When it came to raising money for his venture, Bronson found that some of the richest people in America were keen to invest in his Internet gambling business. Bronson secured investments from billionaires like real estate mogul Steven Roth, chairman of Vornado Realty Trust, and shopping mall magnate Herbert Simon, the owner of the Indiana Pacers. “They are all in it for the long haul,” says Bronson, who also signed up Robert and William Taubman, sons of billionaire Alfred Taubman. “Not one of them thinks this will be a sprint, they think it will be a marathon.”
The American land rush for Internet gambling is on and it’s being led by the richest people in the country in anticipation that a regulatory regime for online gambling is coming at either the federal or state level. The U.S. online gambling market has long been the world’s biggest, but for years it has operated in the shadows of the law and a disapproving Department of Justice. Prominent U.S. billionaires and casino companies stayed out of the business, leaving its riches for offshore companies like PokerStars, Full Tilt Poker and Bodog. But now the casino industry is strongly pushing to get Internet gambling regulation through Congress and lawmakers in states like Nevada and New Jersey are also trying to get something done. It is widely believed that first-mover advantage will be key in seizing the Internet if and when online gambling gets regulated, leading to a mad mobilization.

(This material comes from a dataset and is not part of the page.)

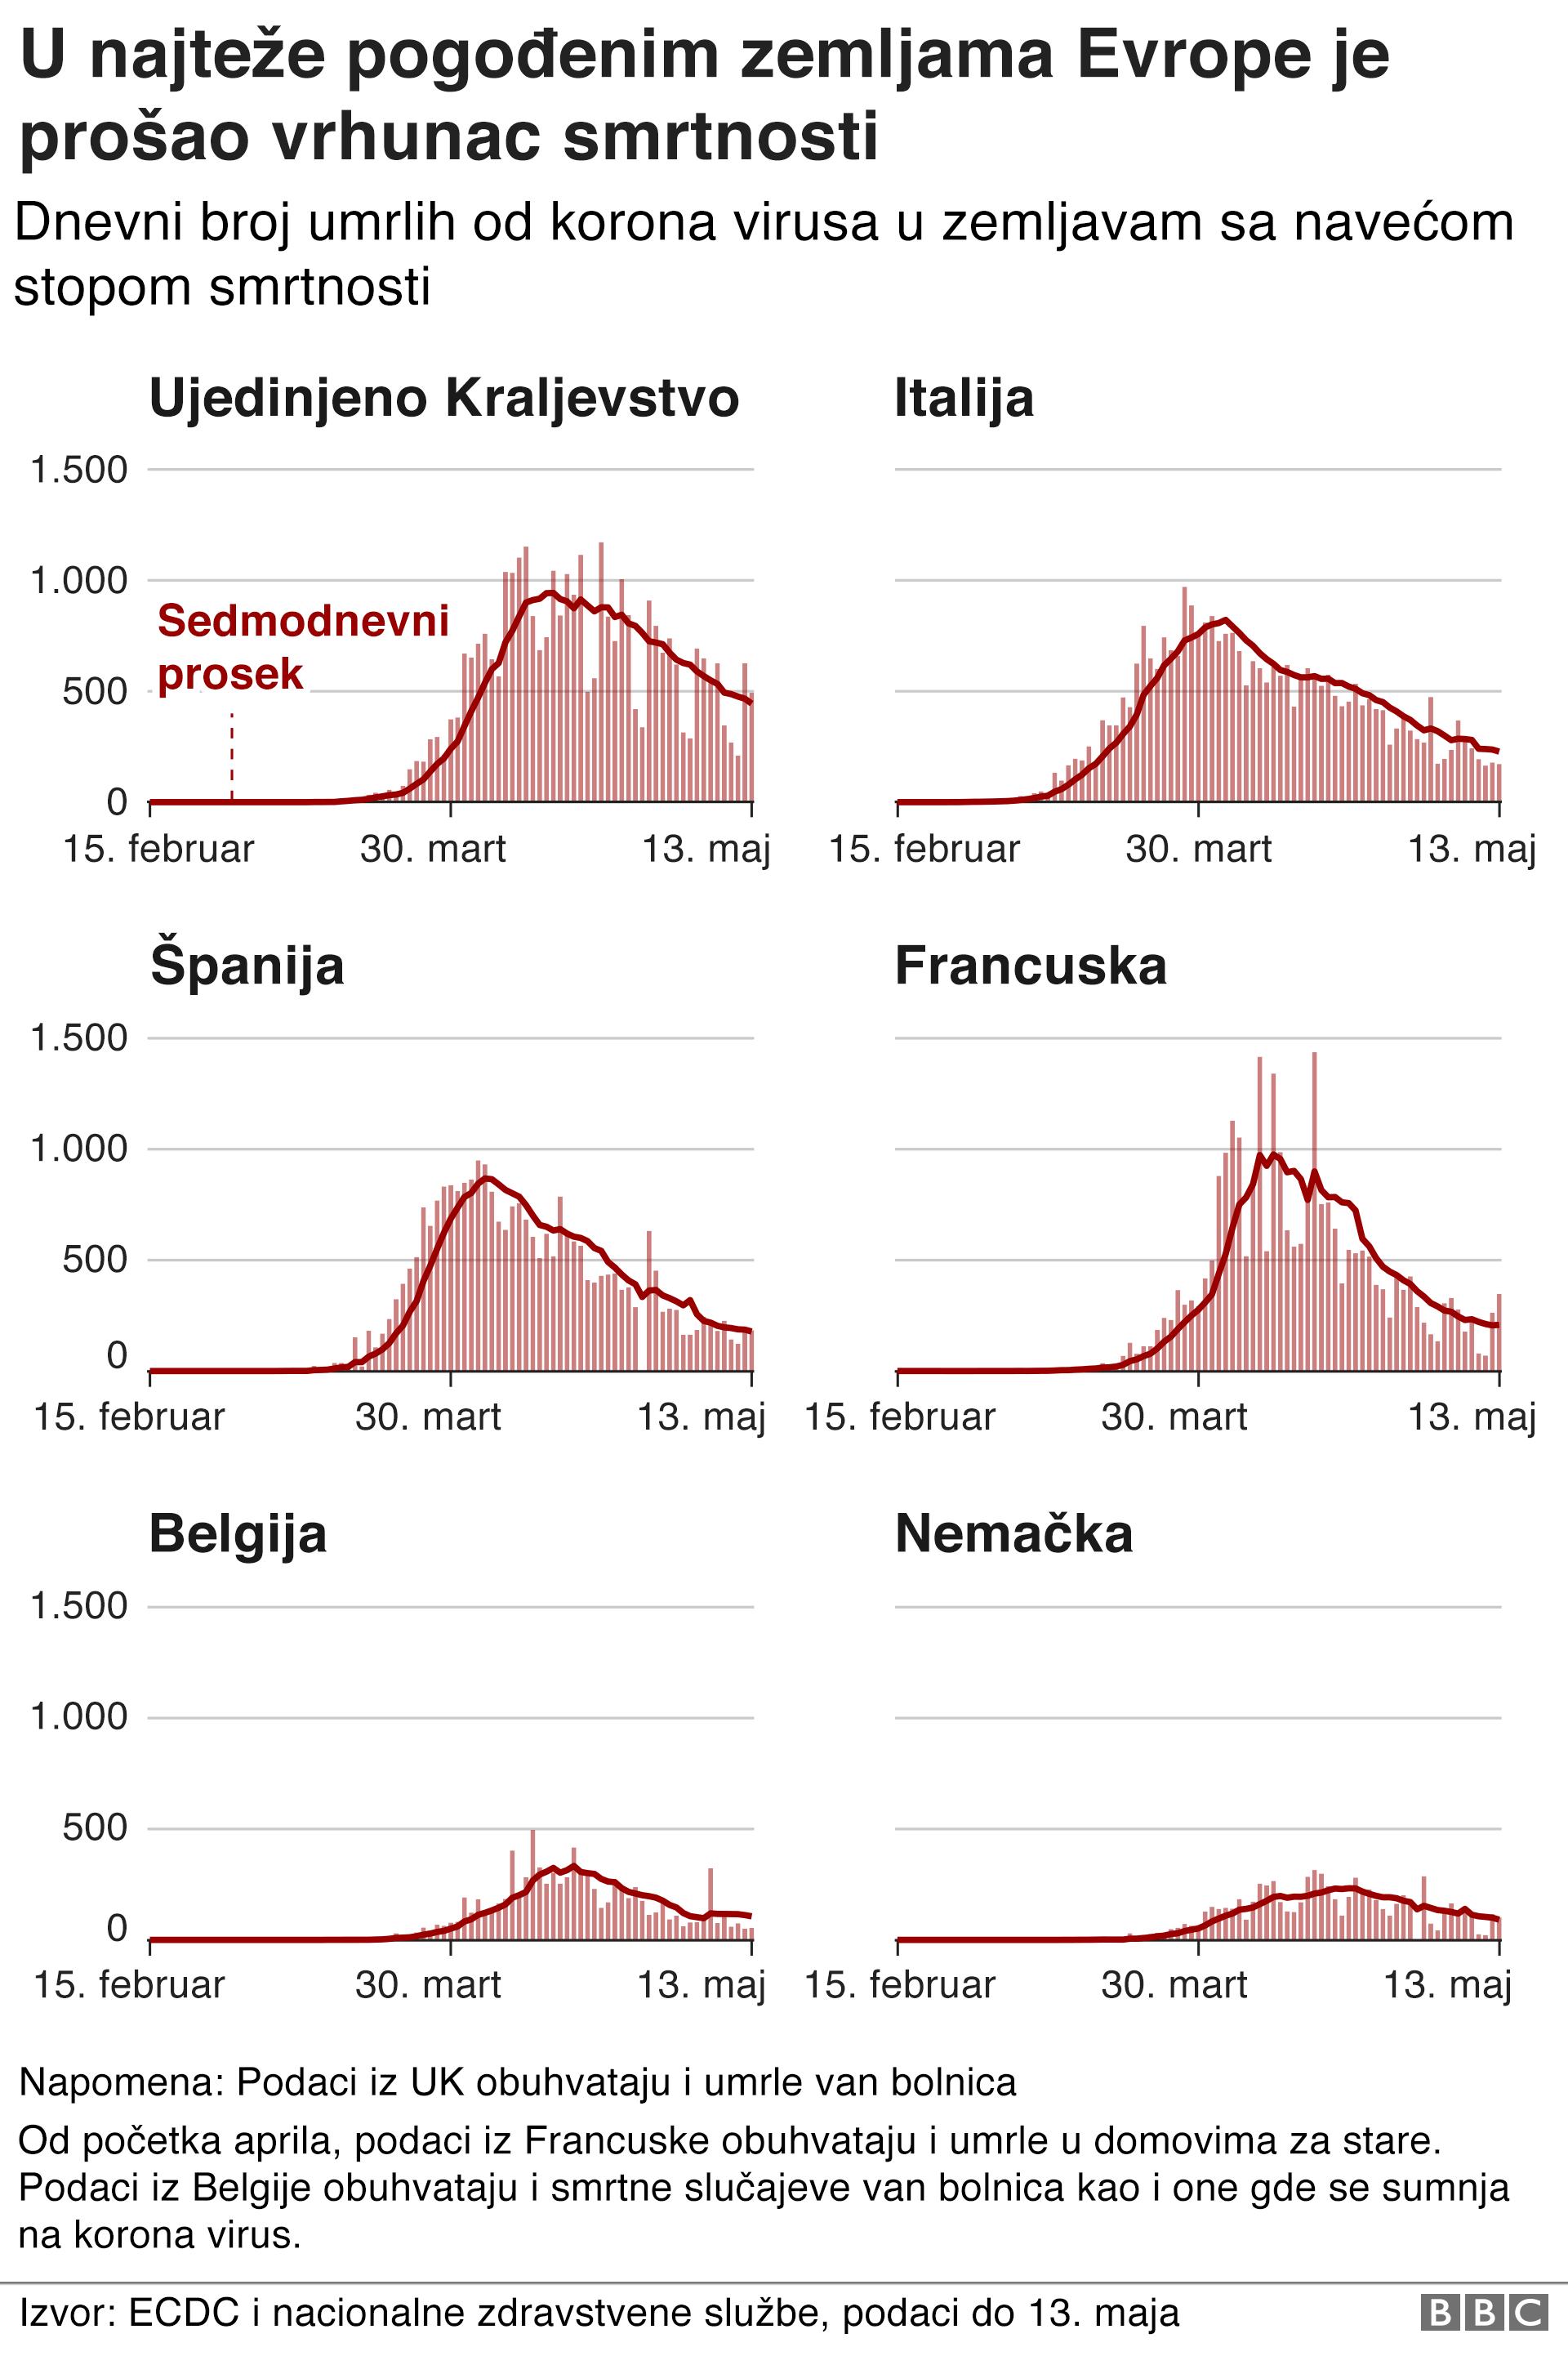 vrhunac smrtnosti u evropi 14. maj

Last week Donald Trump publicly threw his hat in the ring, saying “we have been looking at this for a while.” What makes Trump’s entry into online gambling even more interesting is that his effort includes Marc Lasry, the billionaire hedge fund manager who controls Avenue Capital Group, which manages $12 billion. The two make a bit of an odd couple, given Trump’s recent alignment with the Republican Party and Lasry’s staunch support of Democratic Party causes, including the reelection of President Barack Obama. But Avenue Capital controls Trump Entertainment Resorts, which will own 10% of the joint venture Lasry and Trump are planning if online gambling regulation comes into effect. “This has to happen because many other countries are doing it and like usual the U.S. is just missing out,” Trump said.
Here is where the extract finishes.